The Pavesi case refers to the death of a ten-year-old Brazilian boy Paulo Veronesi Pavesi (Poços de Caldas, 1990 — Poços de Caldas, April 21, 2000).

Death 
Pavesi died on April 21, 2000, in the Santa Casa of the city of Poços de Caldas, in the state of Minas Gerais. The case began on April 19, 2000, when ten-year-old Paulo Veronesi Pavesi accidentally fell from the building where he lives. Pavesi was taken to Hospital Pedro Sanches and, two days later, on April 21, 2000, he was transferred to the city's Santa Casa, where brain death was observed. The boy's organs were transplanted. 
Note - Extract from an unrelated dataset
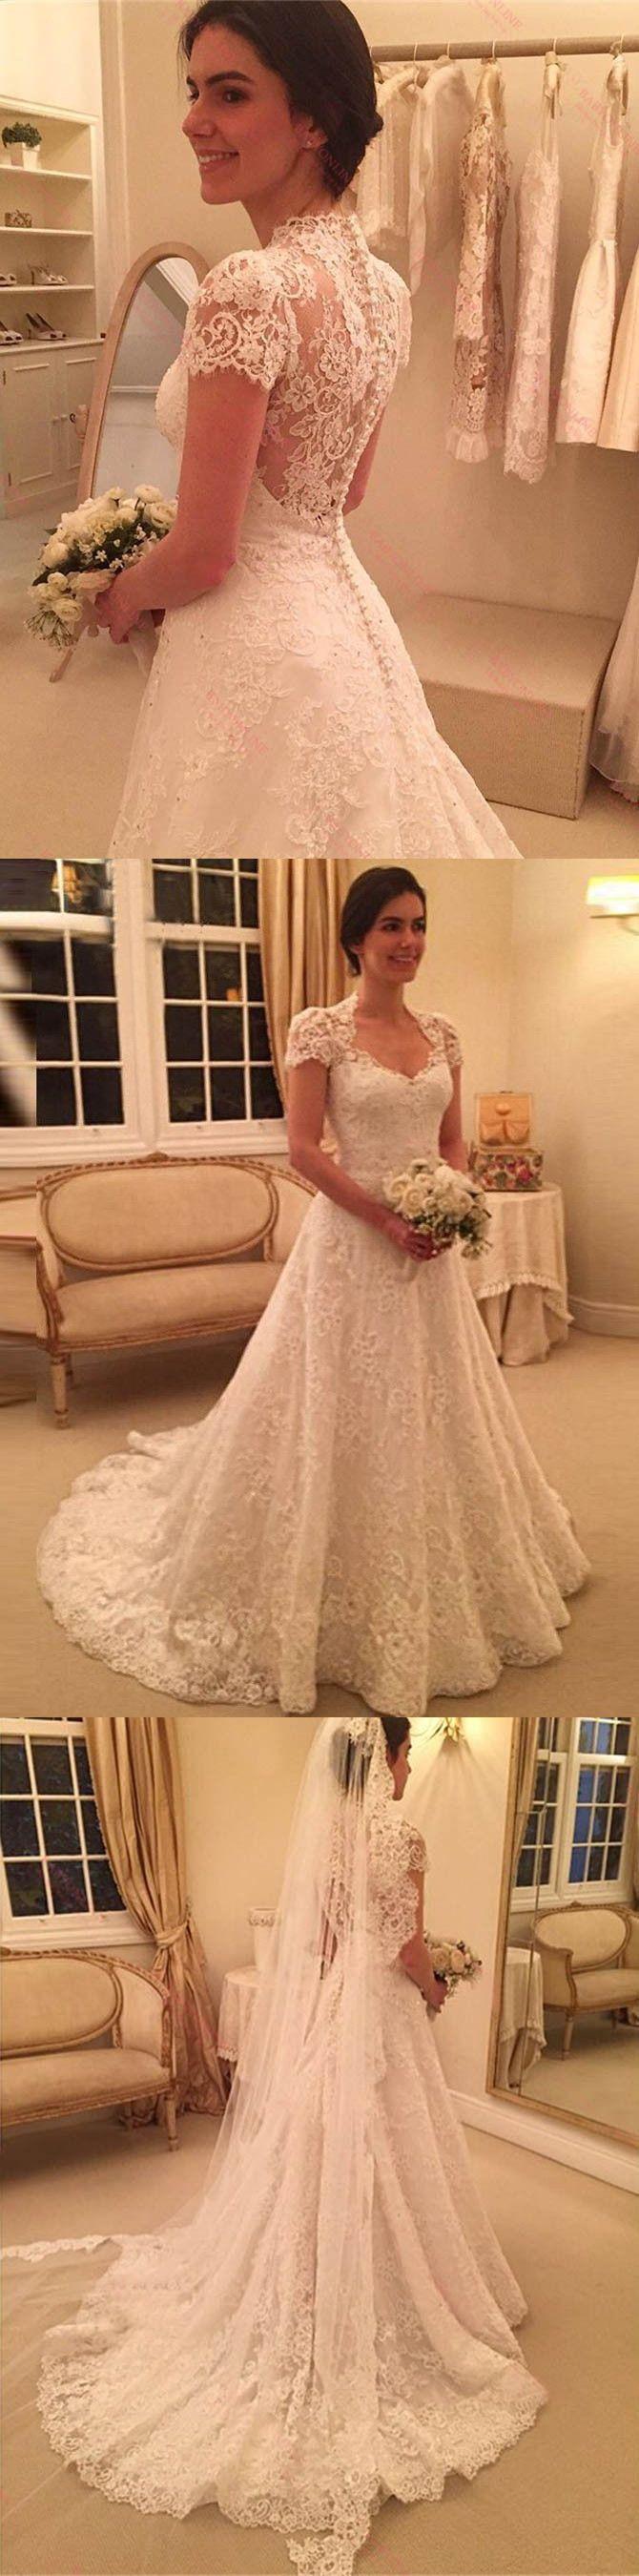 Delicate weddin dress scoop short sleeves wedding dress long lace
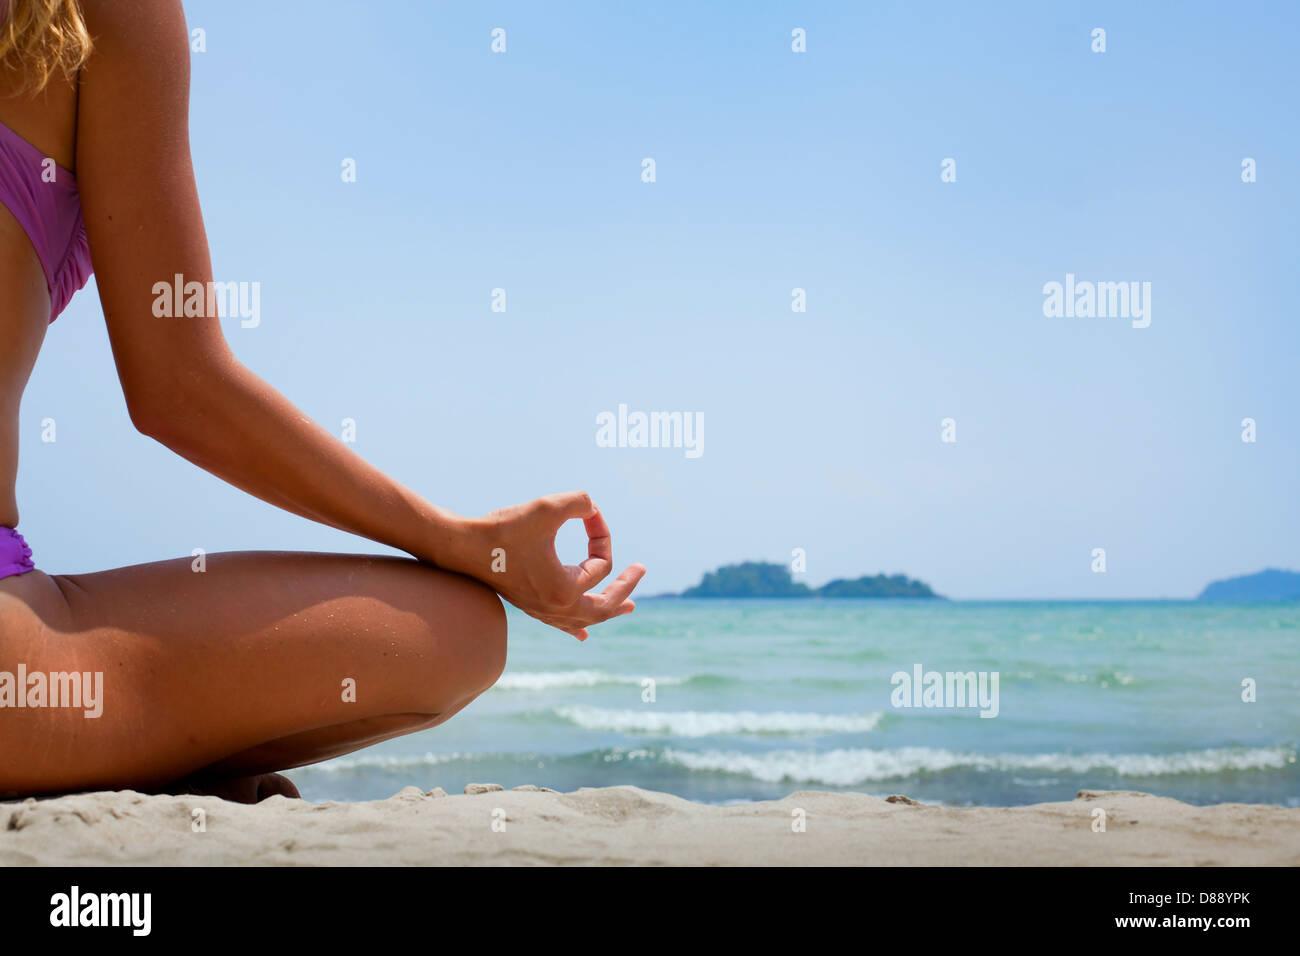 Sfondo di yoga, donna nella posizione del loto meditando sulla spiaggia Immagini Stock

According to Justice, the doctors were responsible for incorrect procedures in the declaration of death and removal of the boy's organs. The exam that pointed to brain death had been falsified and the boy was still alive as his organs were removed. The case launched several lawsuits and opened wide allegations of irregularities in the organ transplant scheme in Poços de Caldas. On March 30, 2021, the Brazilian justice sentenced two doctors who treated Pavesi, José Luis Gomes da Silva and José Luis Bonfitto, to 25 years and 10 months in prison and payment of a fine, while Marco Alexandre Pacheco da Fonseca was acquitted by the jury. The other doctors have yet to be judged.